» **Given information**:
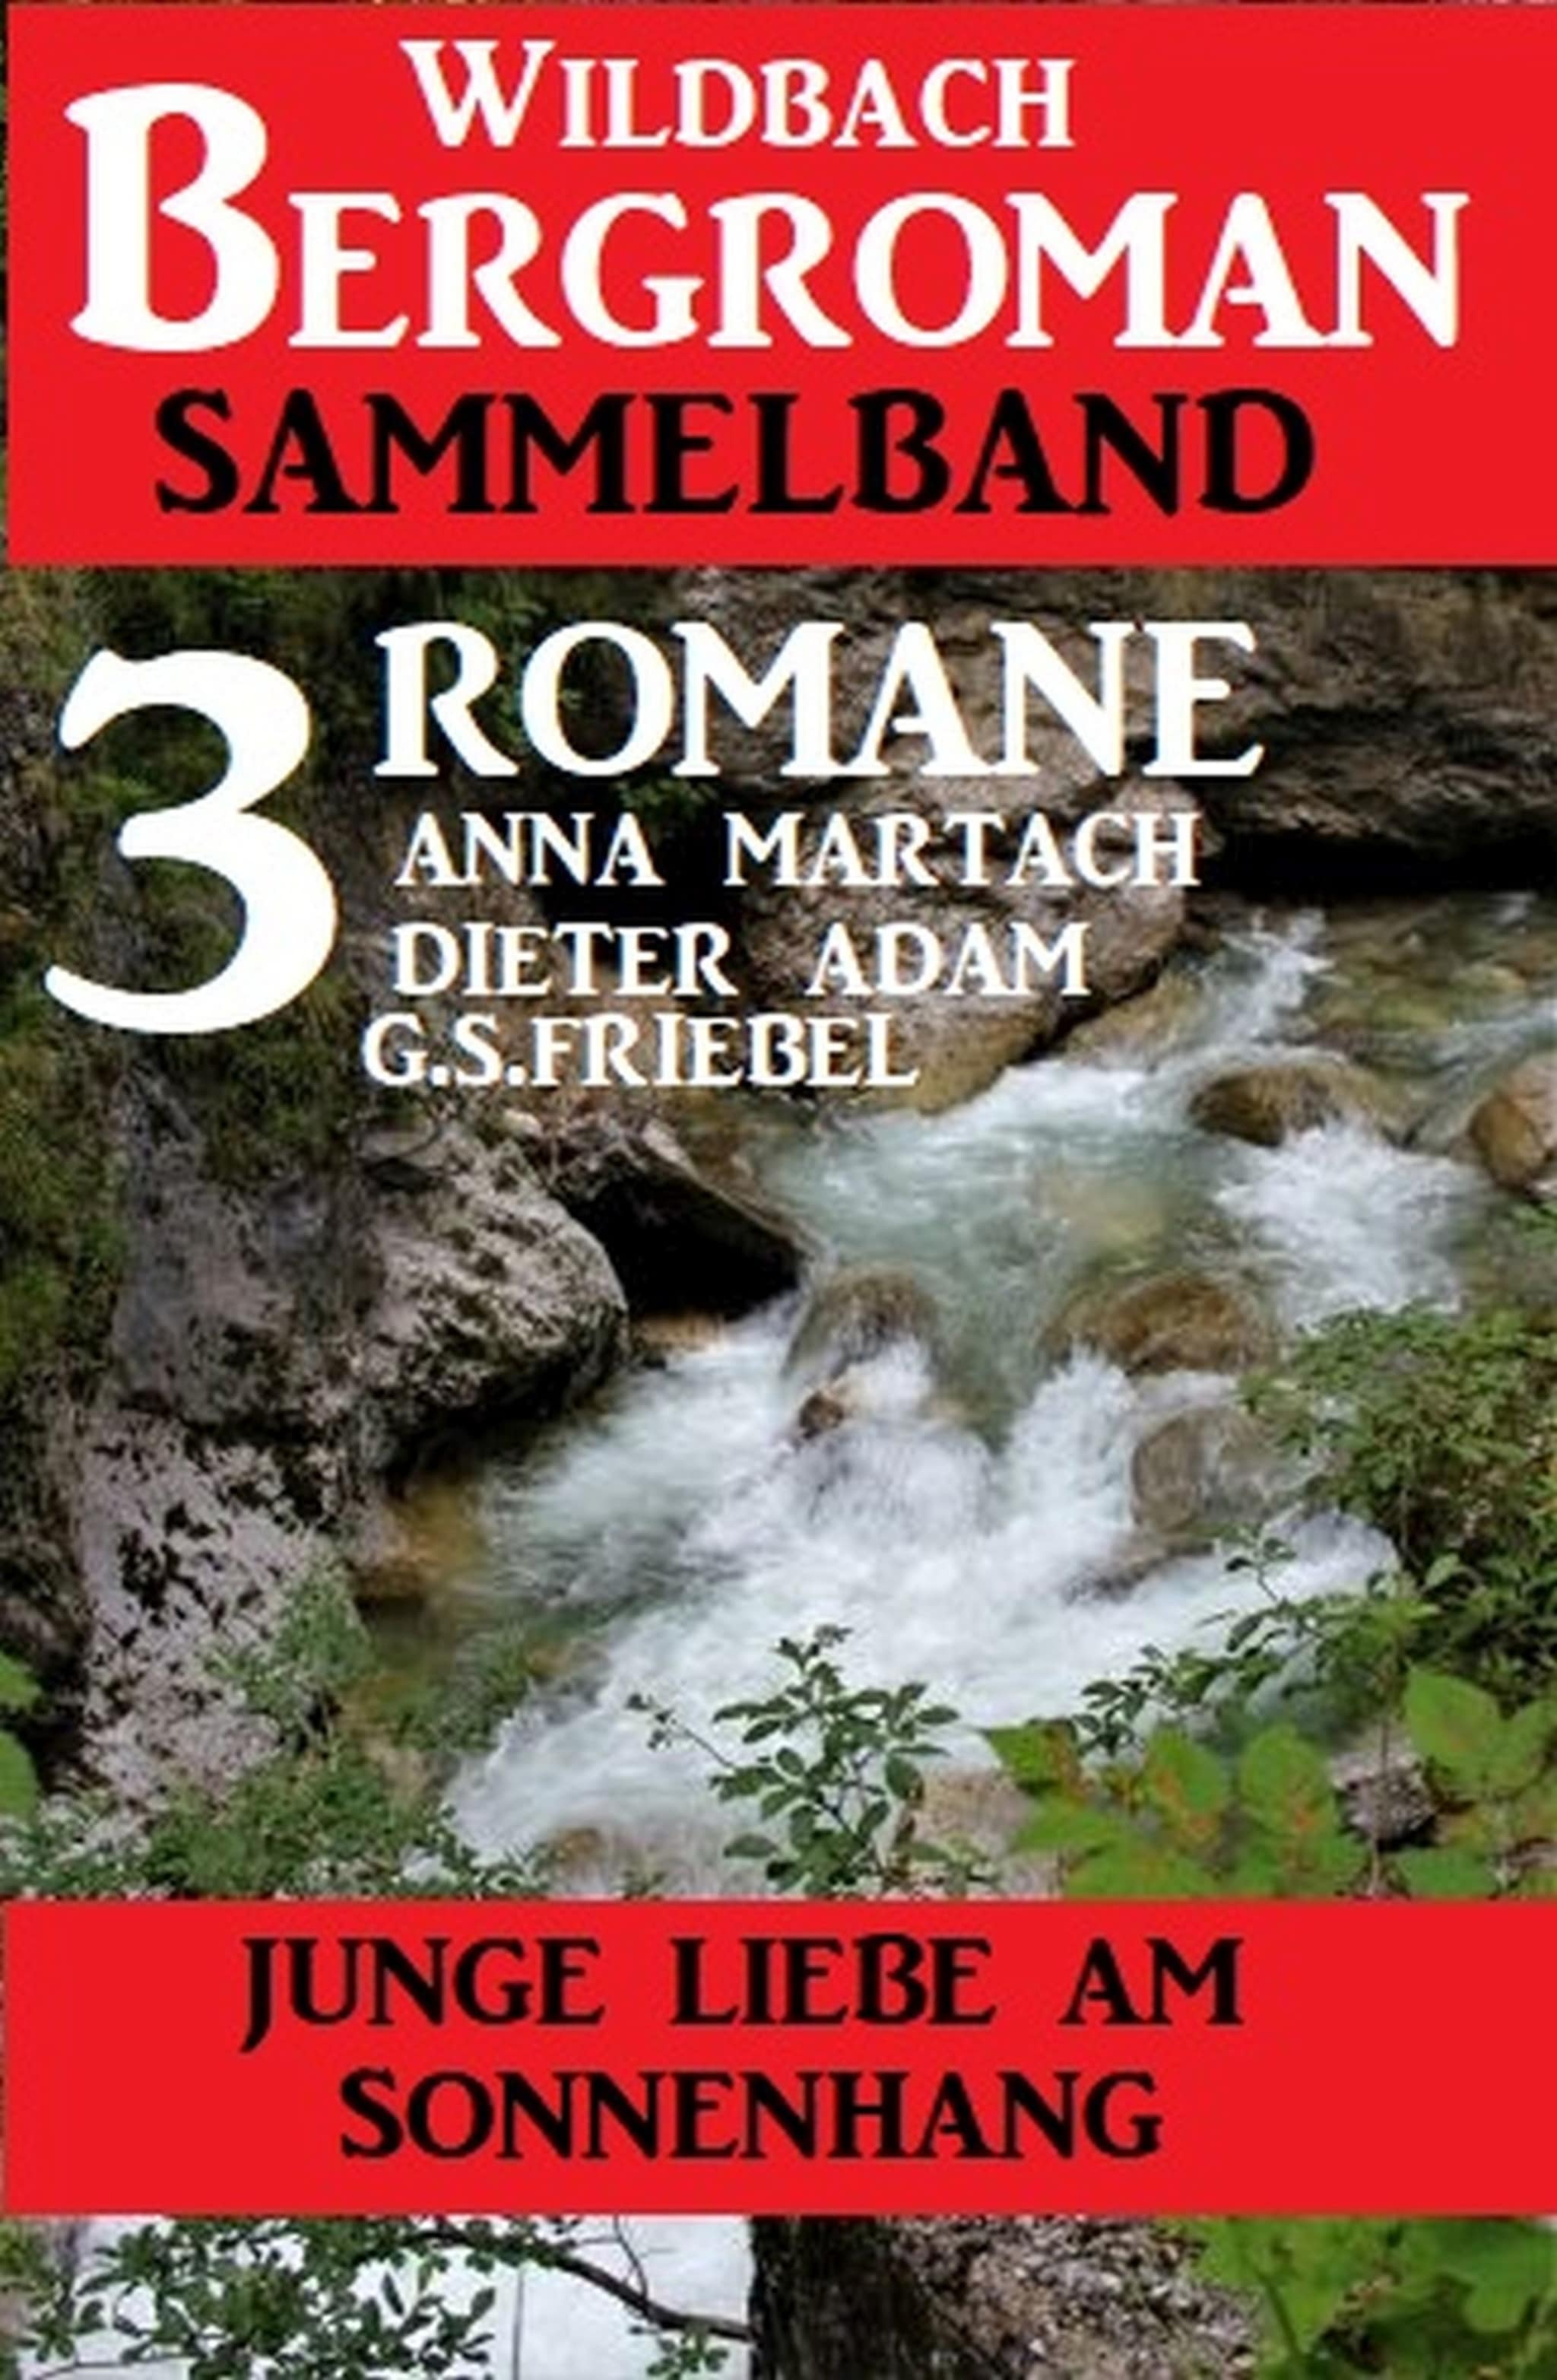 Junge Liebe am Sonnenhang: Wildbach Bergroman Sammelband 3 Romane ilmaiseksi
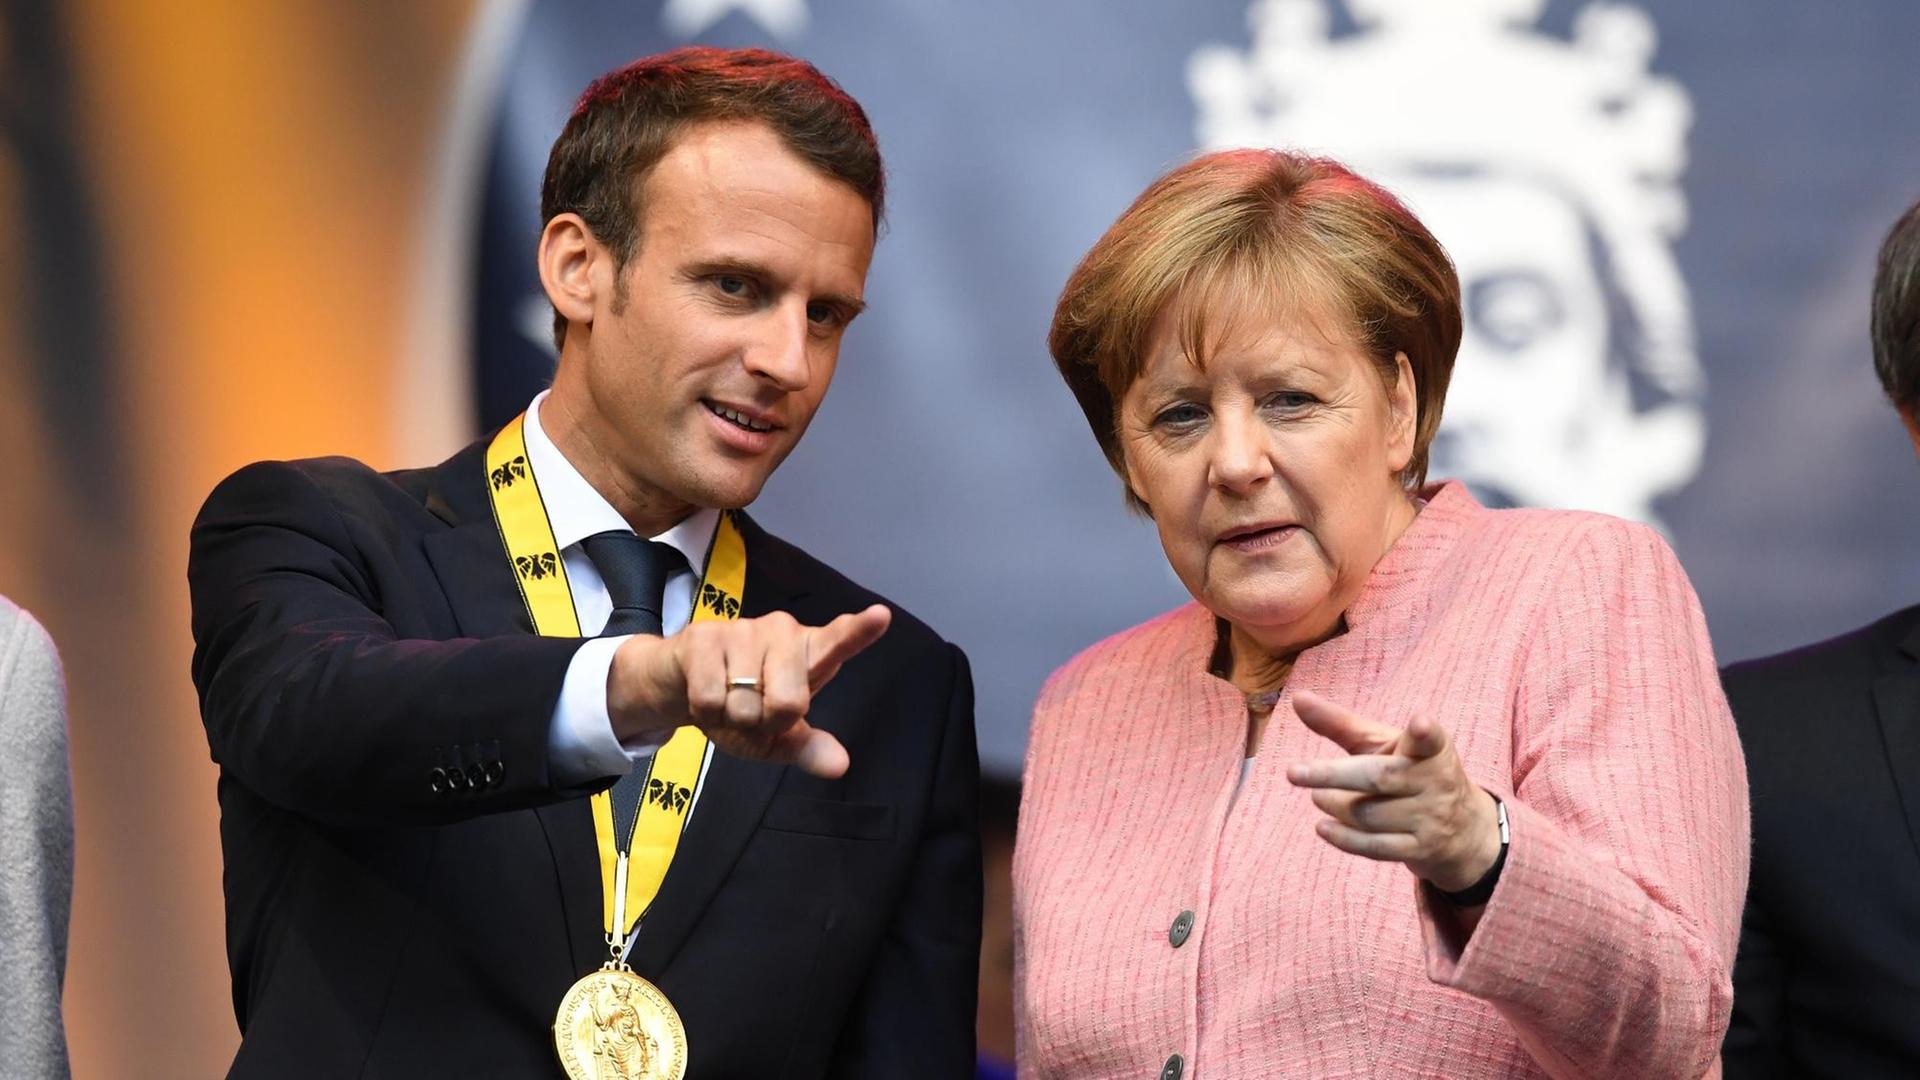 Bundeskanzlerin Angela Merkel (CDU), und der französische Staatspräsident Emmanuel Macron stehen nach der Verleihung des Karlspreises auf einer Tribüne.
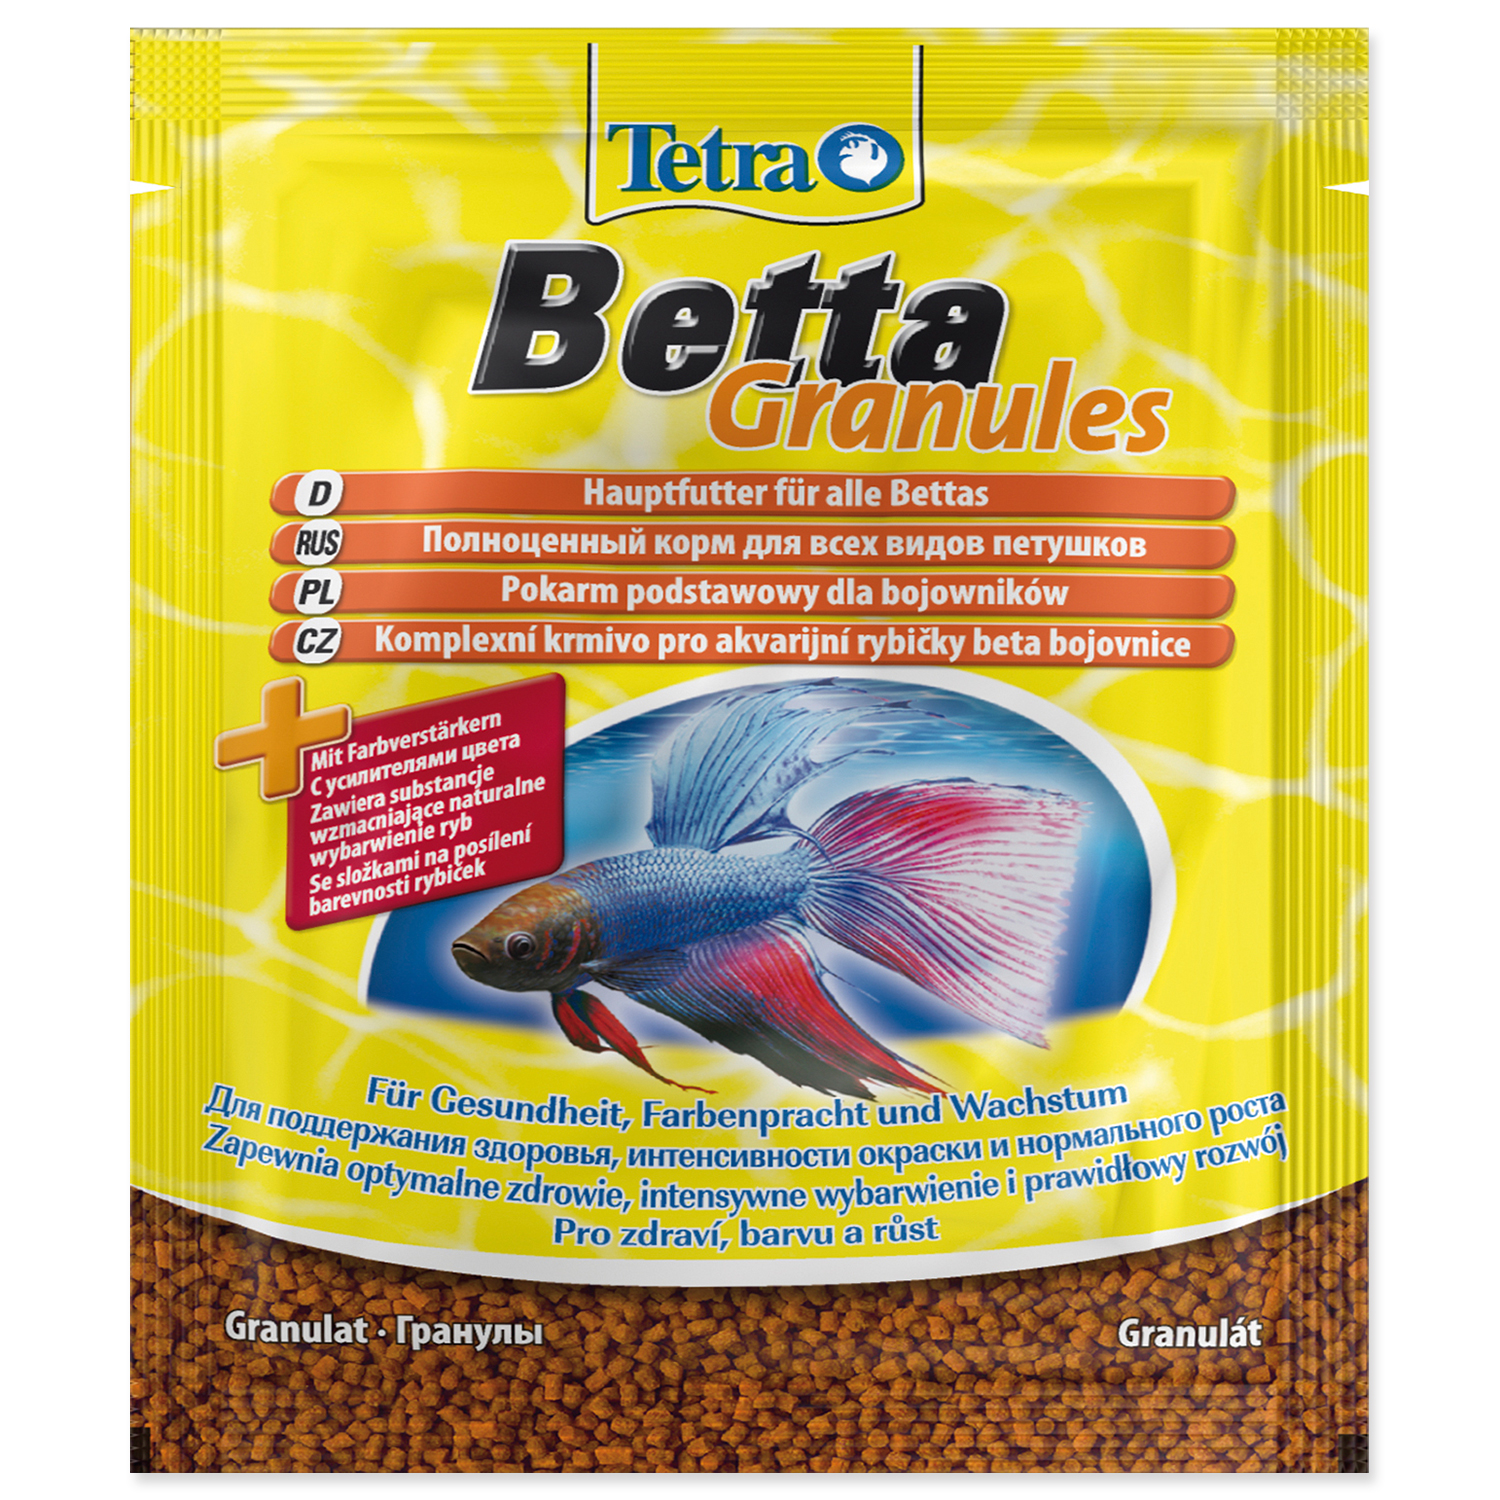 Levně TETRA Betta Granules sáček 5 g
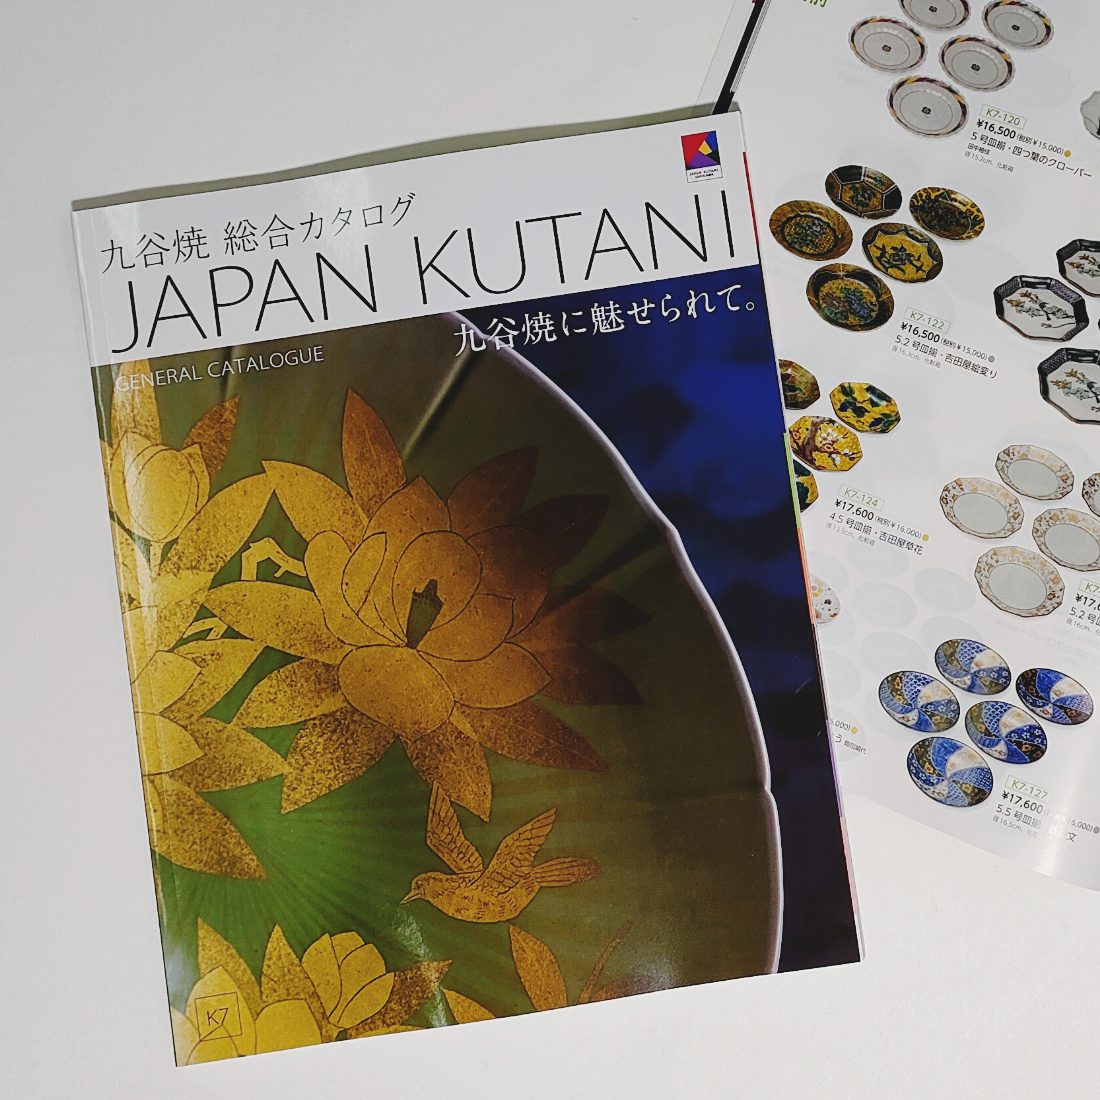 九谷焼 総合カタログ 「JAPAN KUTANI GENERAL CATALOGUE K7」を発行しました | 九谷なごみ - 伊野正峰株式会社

» **Task description**:
Leave out the pictures and repeat the lines from the start of the material through the line with "Levně TETRA Betta Granules sáček 5 g", inclusive.

» **Worked solution**:
 Junge Liebe am Sonnenhang: Wildbach Bergroman Sammelband 3 Romane ilmaiseksi
 Bundeskanzlerin Angela Merkel (CDU), und der französische Staatspräsident Emmanuel Macron stehen nach der Verleihung des Karlspreises auf einer Tribüne.
 Levně TETRA Betta Granules sáček 5 g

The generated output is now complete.